Although the great majority of gifted children enjoy better-than-average social adjustment, some gifted do experience stressful psychological problems. As a parent, you have the responsibility and opportunity to teach your gifted son or daughter a myriad of social skills to help him or her more successfully navigate the often turbulent social and emotional waters of childhood and adolescence. Encouraging social intelligence is one important parenting principle that provides your child with an important set of social skills that increases the likelihood that he or she will enjoy a rich, meaningful, and successful life.

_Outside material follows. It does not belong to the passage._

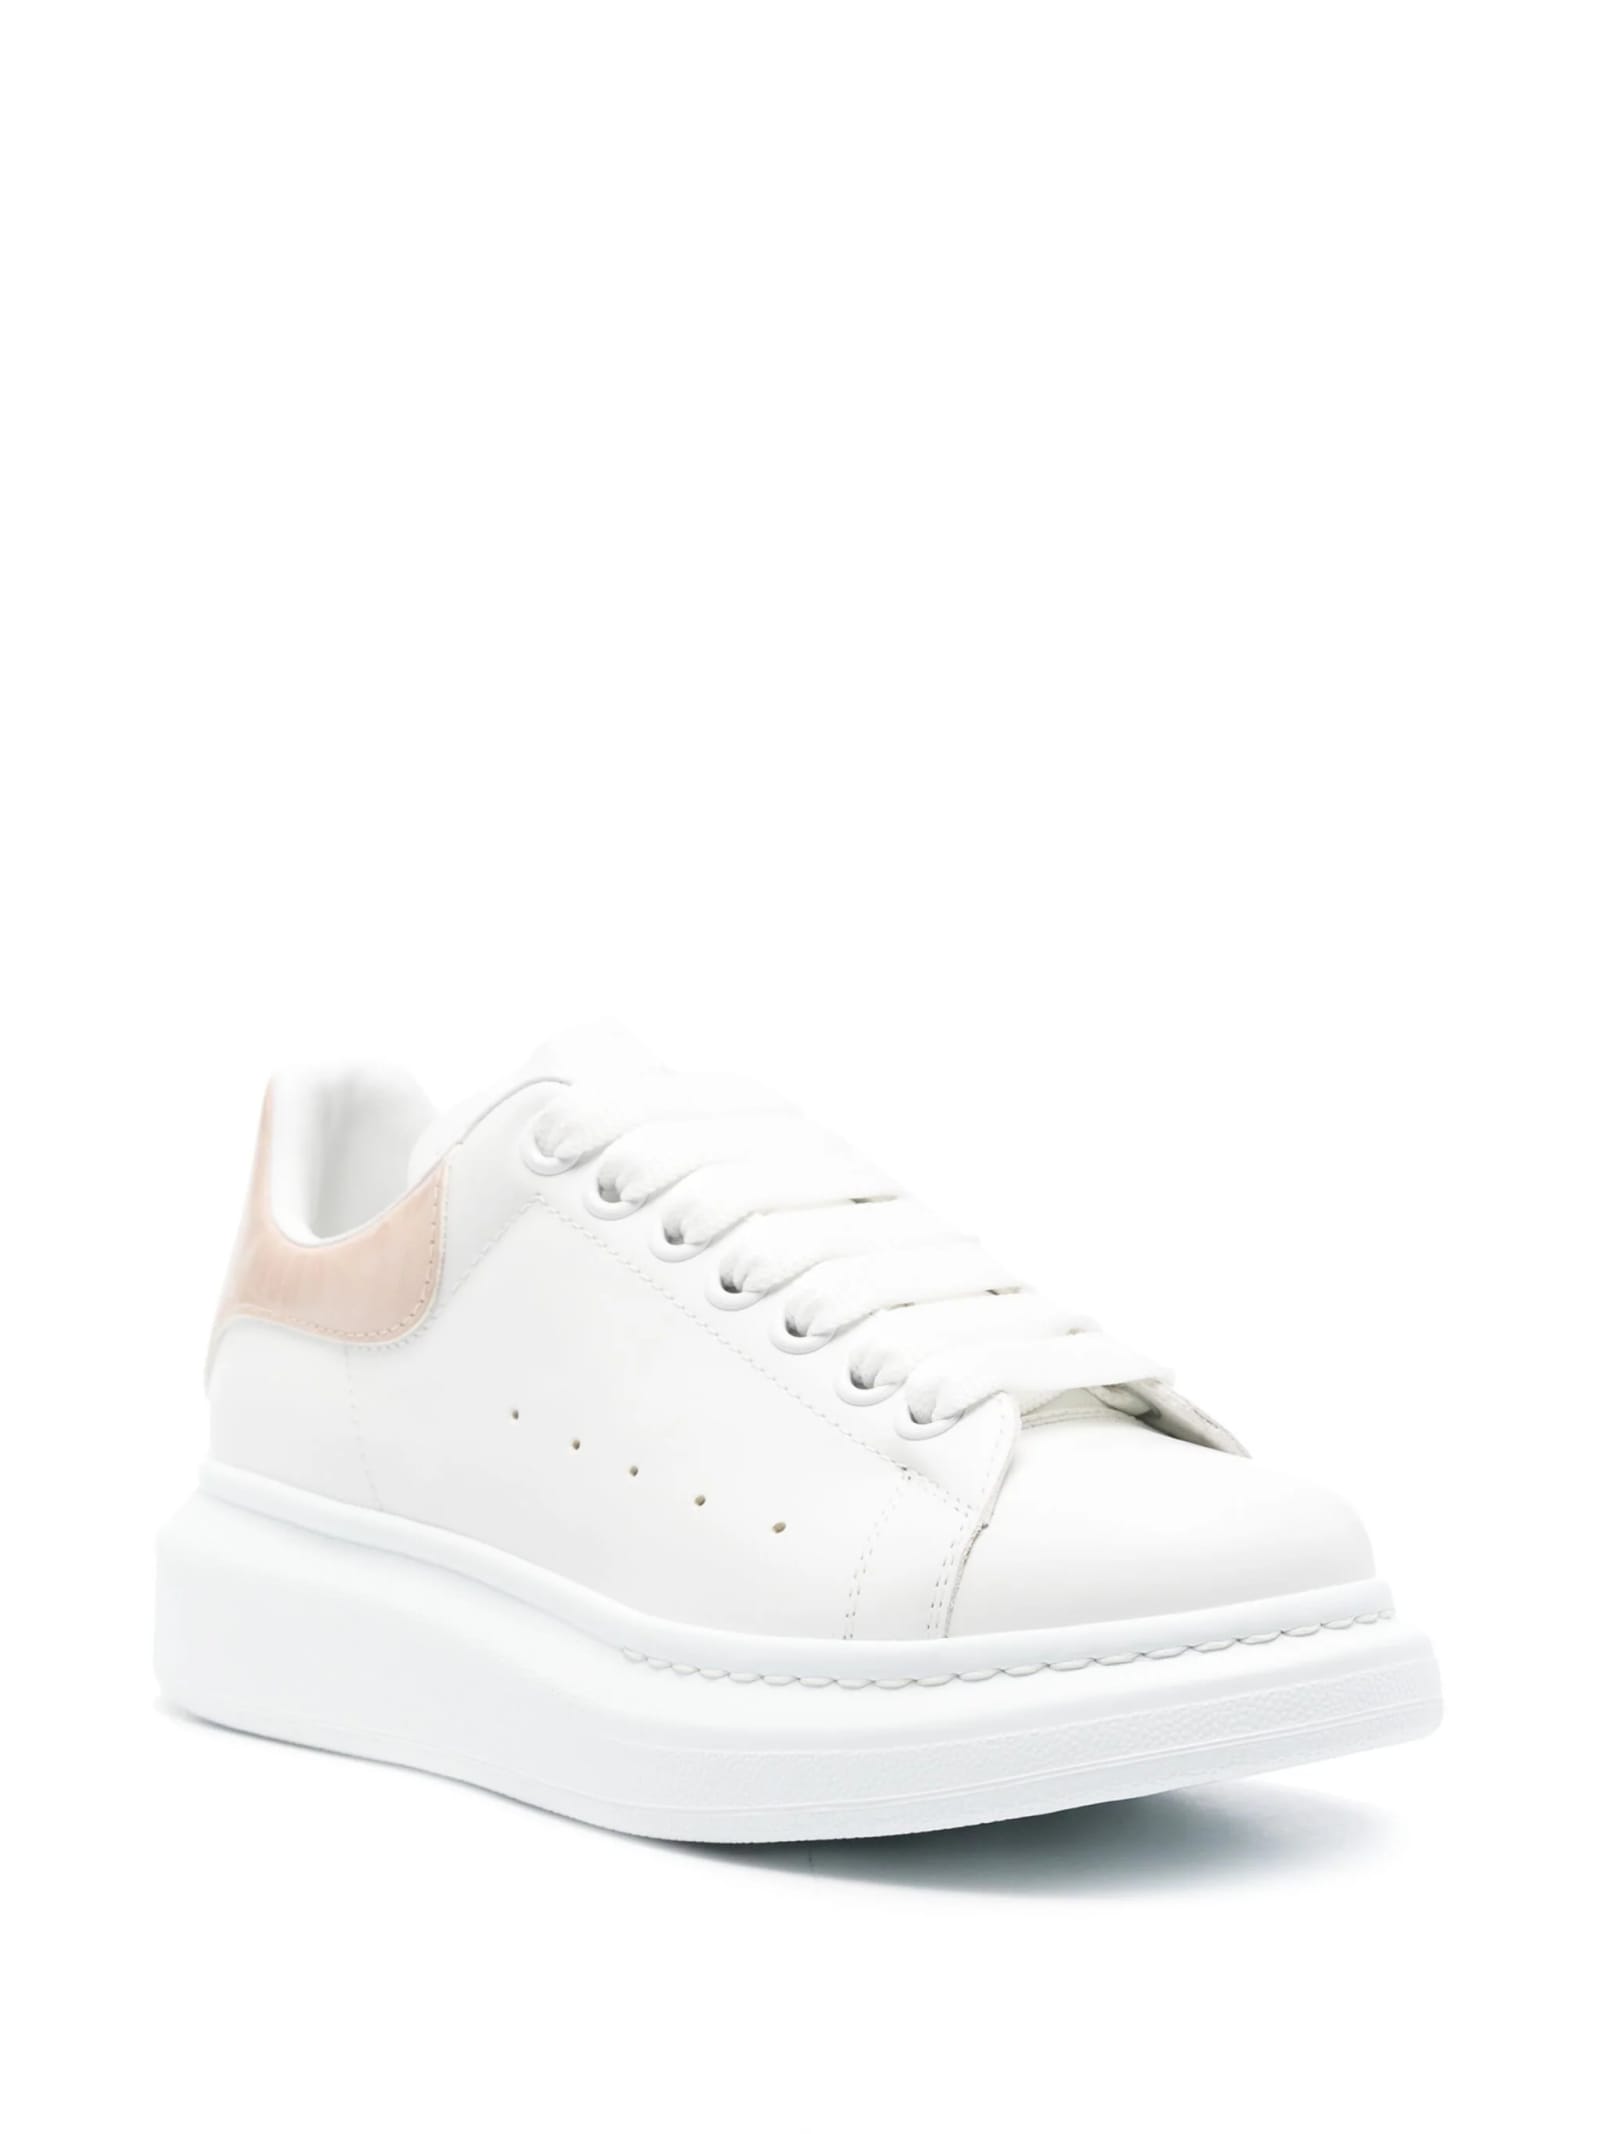 Shop Alexander Mcqueen White Oversized Sneakers With Powder Beige Shiny Spoiler

Steven Pfeiffer is a professor in the Psychological Services in Education program in the Department of Educational Psychology and Learning Systems at Florida State University. Prior to attaining tenure at FSU, Dr. Pfeiffer was at Duke University, where he served as Executive Director of Duke’s internationally renowned Talent Identification Program for gifted students (TIP). Professor Pfeiffer is lead author of a new scale to identify multiple types of giftedness, the Gifted Rating Scales. He also coauthored the Devereux Scales of Mental Disorders and the Devereux Behavior Rating Scale-School Form and he recently co-edited a popular book for parents of young gifted children entitled Gifts: Recognizing and Nurturing Children’s Abilities. Dr. Pfeiffer maintains a private practice where he works with children, adolescents and families.